After some thought, I really like this heuristic, however allow me
a moment to bikeshed 10 as a number here.
One could think that 10 equals roughly 3 lines a 3 characters and
in C based languages the shortest meaningful lines have more than
3 characters ("i++;", "a();", "int i;" have 4 or 5 each), but I would still
think that 10 is too much, as we'd want to detect the closing braces
in their own lines.
> dimmed_zebra::
> Similar to 'zebra', but additional dimming of uninteresting parts
> of moved code is performed. The bordering lines of two adjacent
> diff --git a/diff.c b/diff.c
> index f598d8a3a..305ce4126 100644
> --- a/diff.c
> +++ b/diff.c
> @@ -864,19 +864,28 @@ static int shrink_potential_moved_blocks(struct
> moved_entry **pmb,
> /*
> * If o->color_moved is COLOR_MOVED_PLAIN, this function does nothing.
> *
> - * Otherwise, if the last block has fewer lines than
> - * COLOR_MOVED_MIN_BLOCK_LENGTH, unset DIFF_SYMBOL_MOVED_LINE on all lines in
> - * that block.
> + * Otherwise, if the last block has fewer non-space characters than
> + * COLOR_MOVED_MIN_NON_SPACE_COUNT, unset DIFF_SYMBOL_MOVED_LINE on all lines
> + * in that block.
> *
> * The last block consists of the (n - block_length)'th line up to but not
> * including the nth line.
> */
> static void adjust_last_block(struct diff_options *o, int n, int
> block_length)
> {
> - int i;
> - if (block_length >= COLOR_MOVED_MIN_BLOCK_LENGTH ||
> - o->color_moved == COLOR_MOVED_PLAIN)
> + int i, non_space_count = 0;
> + if (o->color_moved == COLOR_MOVED_PLAIN)
> return;
> + for (i = 1; i < block_length + 1; i++) {
> + const char *c = o->emitted_symbols->buf[n - i].line;
> + for (; *c; c++) {
> + if (isspace(*c))
> + continue;
> + non_space_count++;
> + if (non_space_count >=
> COLOR_MOVED_MIN_NON_SPACE_COUNT)
> + return;
When we do this counting, we could count the lines ourselves here as well.
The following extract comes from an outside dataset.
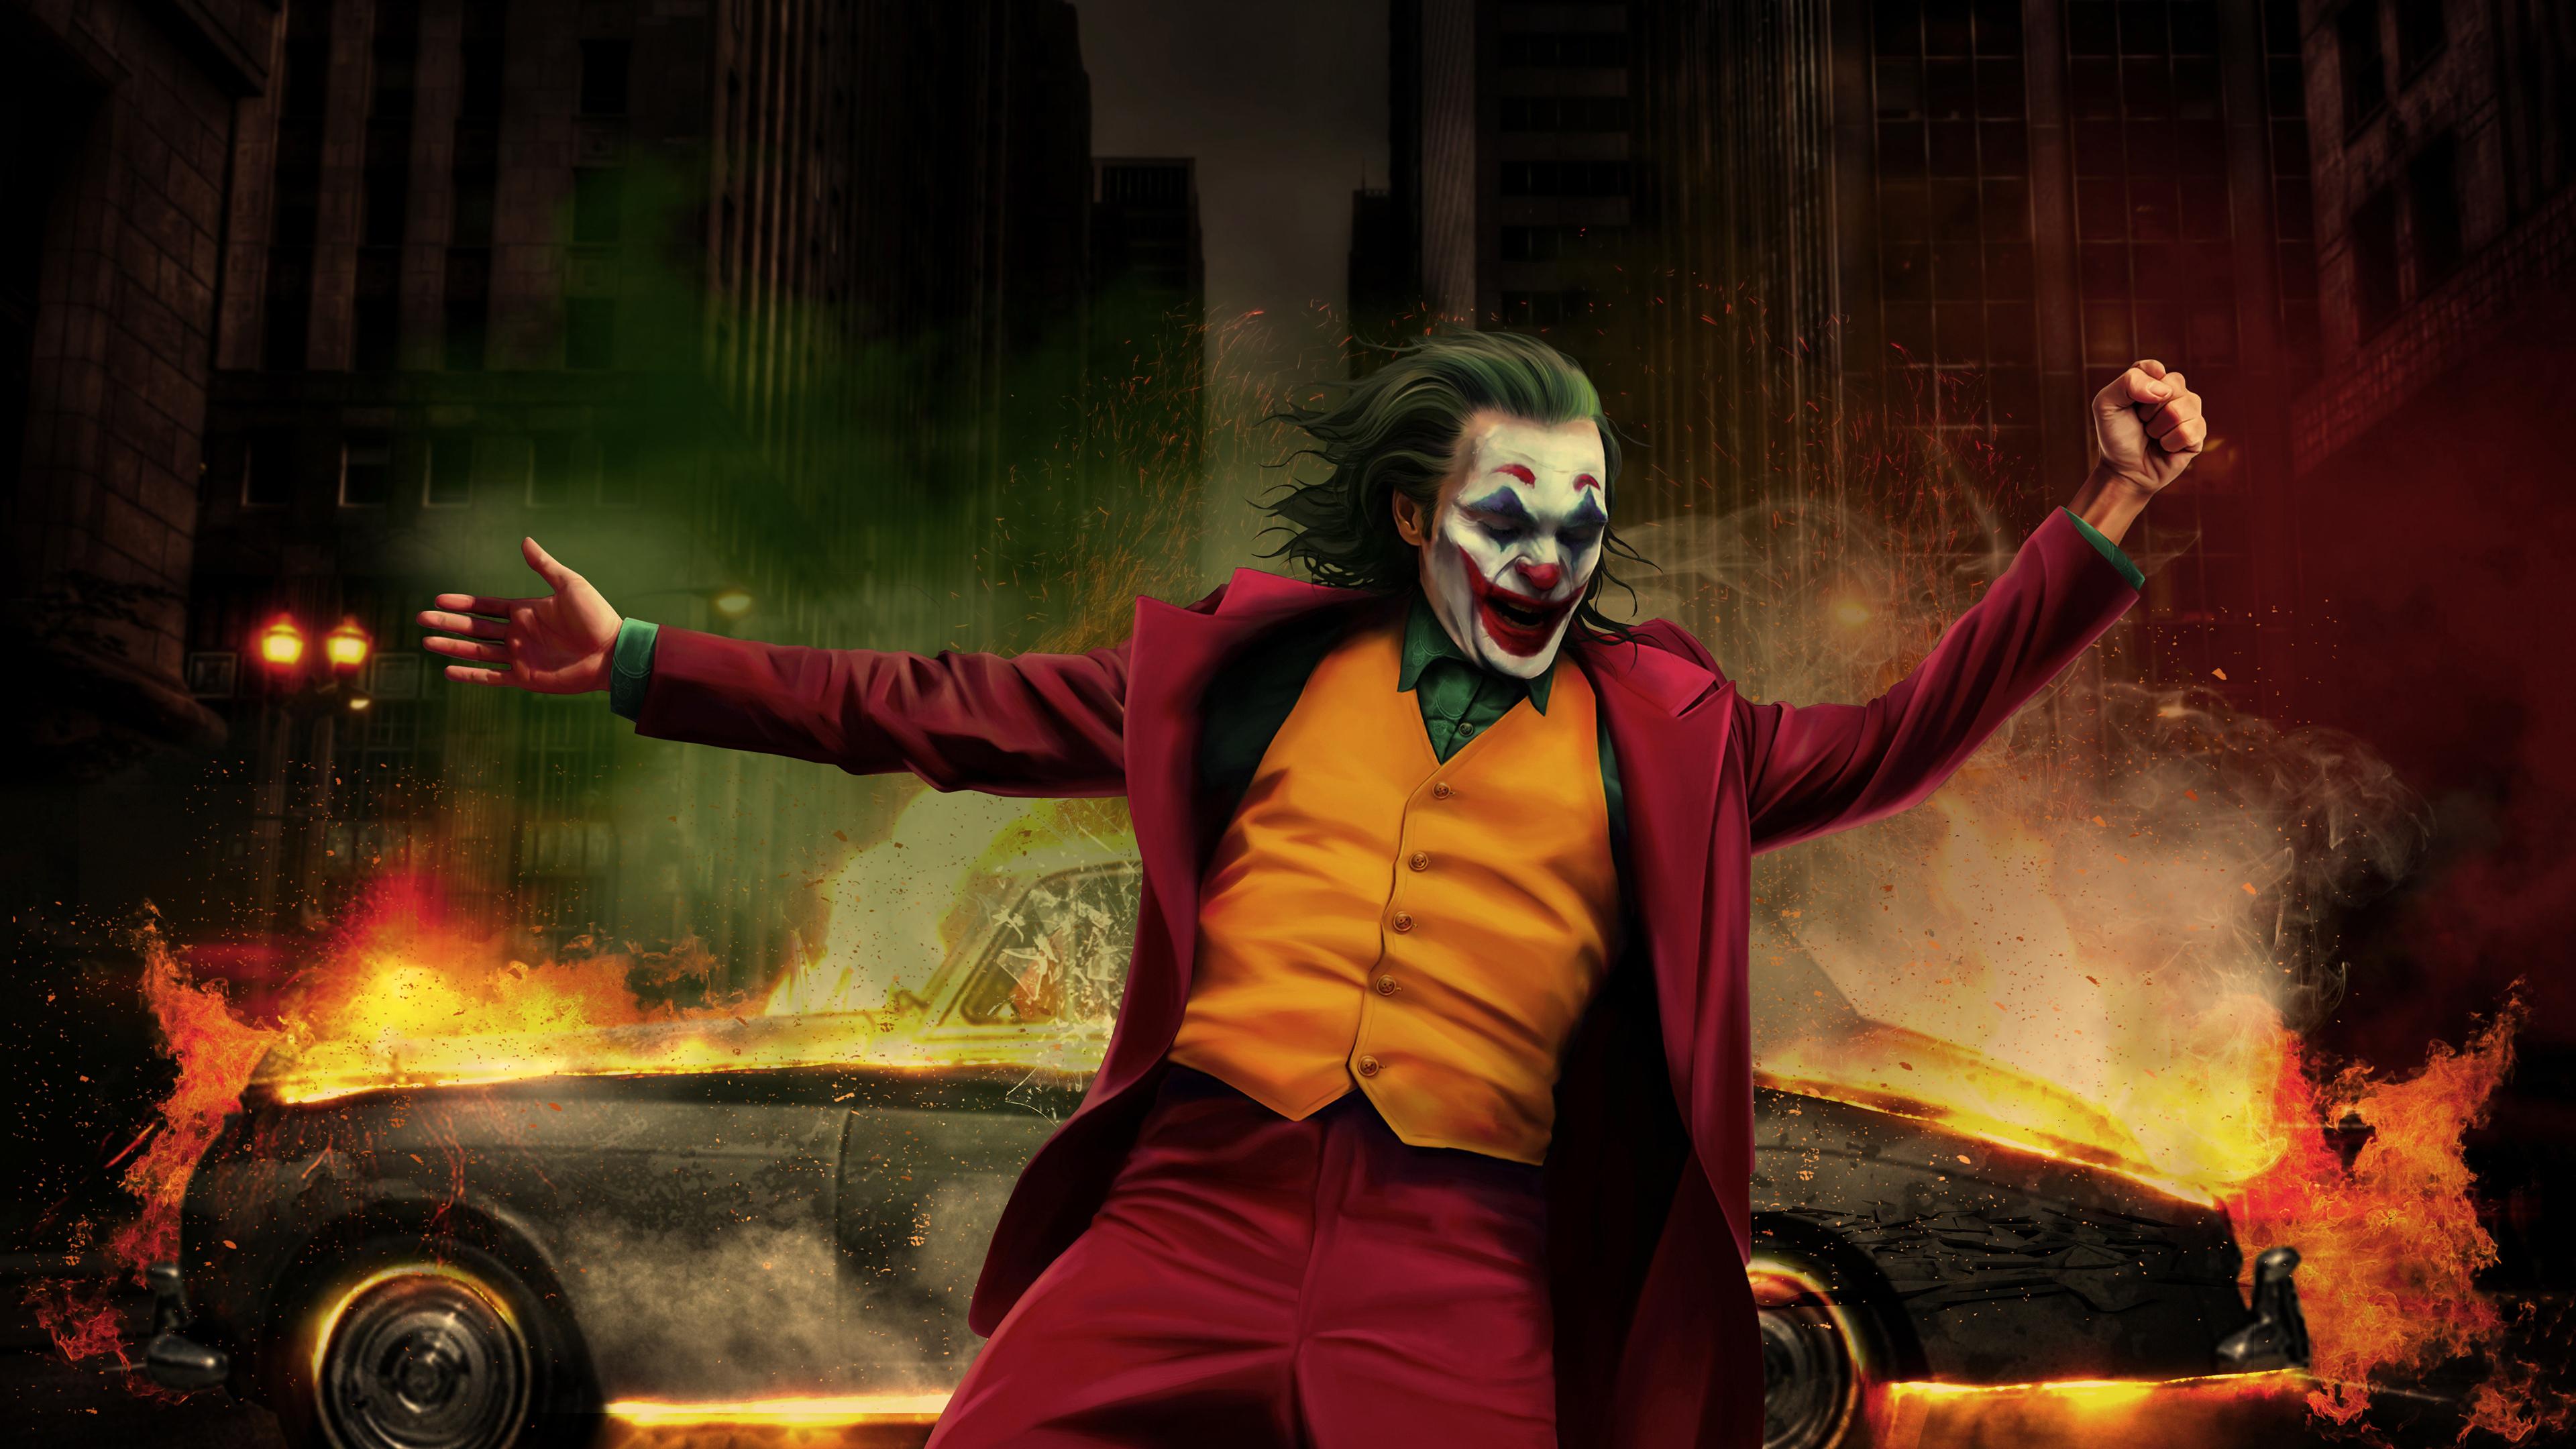 Wallpaper 4k Joker Happy Dancing 4k Wallpapers Hd
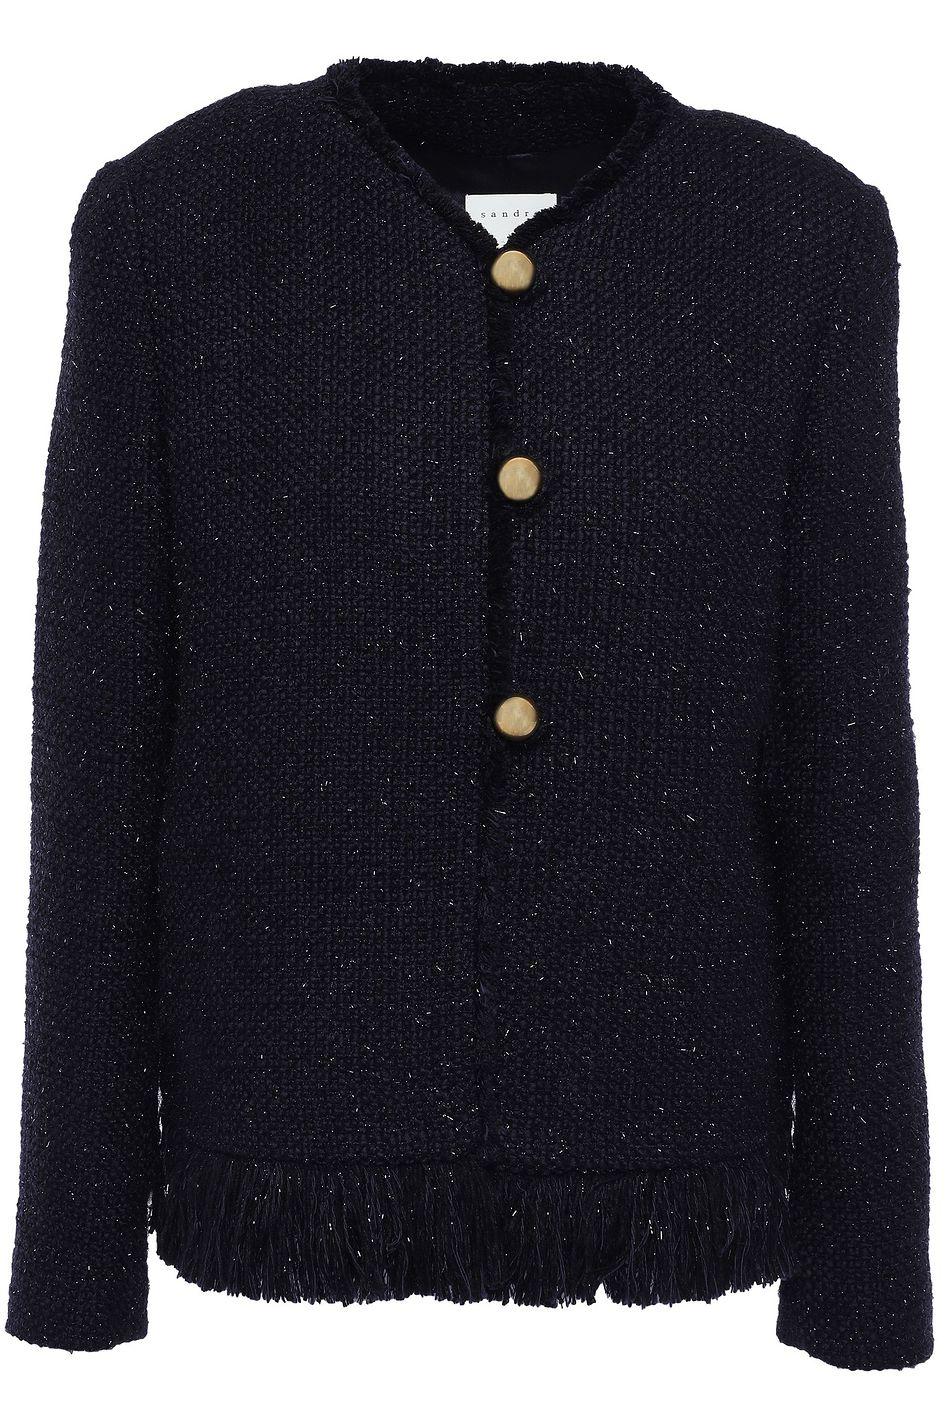 Crown Princess Mary was wearing Sandro Paris fringe-trimmed metallic tweed jacket

`n-block_count` should be equal to the line that has a different
(flags & (DIFF_SYMBOL_MOVED_LINE | DIFF_SYMBOL_MOVED_LINE_ALT))
pattern than those before. (although we'd also have to check for i > 0, too)
Your choice.
> + }
> + }
> for (i = 1; i < block_length + 1; i++)
> o->emitted_symbols->buf[n - i].flags &=
> ~DIFF_SYMBOL_MOVED_LINE;
> }
> @@ -923,7 +932,6 @@ static void mark_color_as_moved(struct diff_options *o,
> }
>
> l->flags |= DIFF_SYMBOL_MOVED_LINE;
> - block_length++;
>
> if (o->color_moved == COLOR_MOVED_PLAIN)
> continue;
> @@ -953,8 +961,13 @@ static void mark_color_as_moved(struct diff_options *o,
> }
>
> flipped_block = (flipped_block + 1) % 2;
> +
> + adjust_last_block(o, n, block_length);
> + block_length = 0;
> }
>
> + block_length++;
> +
> if (flipped_block)
> l->flags |= DIFF_SYMBOL_MOVED_LINE_ALT;
> }
> diff --git a/diff.h b/diff.h
> index 5755f465d..9e2fece5b 100644
> --- a/diff.h
> +++ b/diff.h
> @@ -195,7 +195,7 @@ struct diff_options {
> COLOR_MOVED_ZEBRA_DIM = 3,
> } color_moved;
> #define COLOR_MOVED_DEFAULT COLOR_MOVED_ZEBRA
> - #define COLOR_MOVED_MIN_BLOCK_LENGTH 3
> + #define COLOR_MOVED_MIN_NON_SPACE_COUNT 10
> };
>
> void diff_emit_submodule_del(struct diff_options *o, const char *line);
> diff --git a/t/t4015-diff-whitespace.sh b/t/t4015-diff-whitespace.sh
> index 6f7758e5c..d8e7b77b9 100755
> --- a/t/t4015-diff-whitespace.sh
> +++ b/t/t4015-diff-whitespace.sh
> @@ -1101,9 +1101,9 @@ test_expect_success 'detect malicious moved code,
> inside file' '
> <BRED>-{<RESET>
> <BLUE>-if (!u->is_allowed_foo)<RESET>
> <BLUE>-return;<RESET>
> - <BRED>-foo(u);<RESET>
> - <BLUE>-}<RESET>
> - <BLUE>-<RESET>
> + <RED>-foo(u);<RESET>
> + <RED>-}<RESET>
> + <RED>-<RESET>
Here we have 2 blocks, the first has 7 character,
which we may want to detect, the second has only 1 char.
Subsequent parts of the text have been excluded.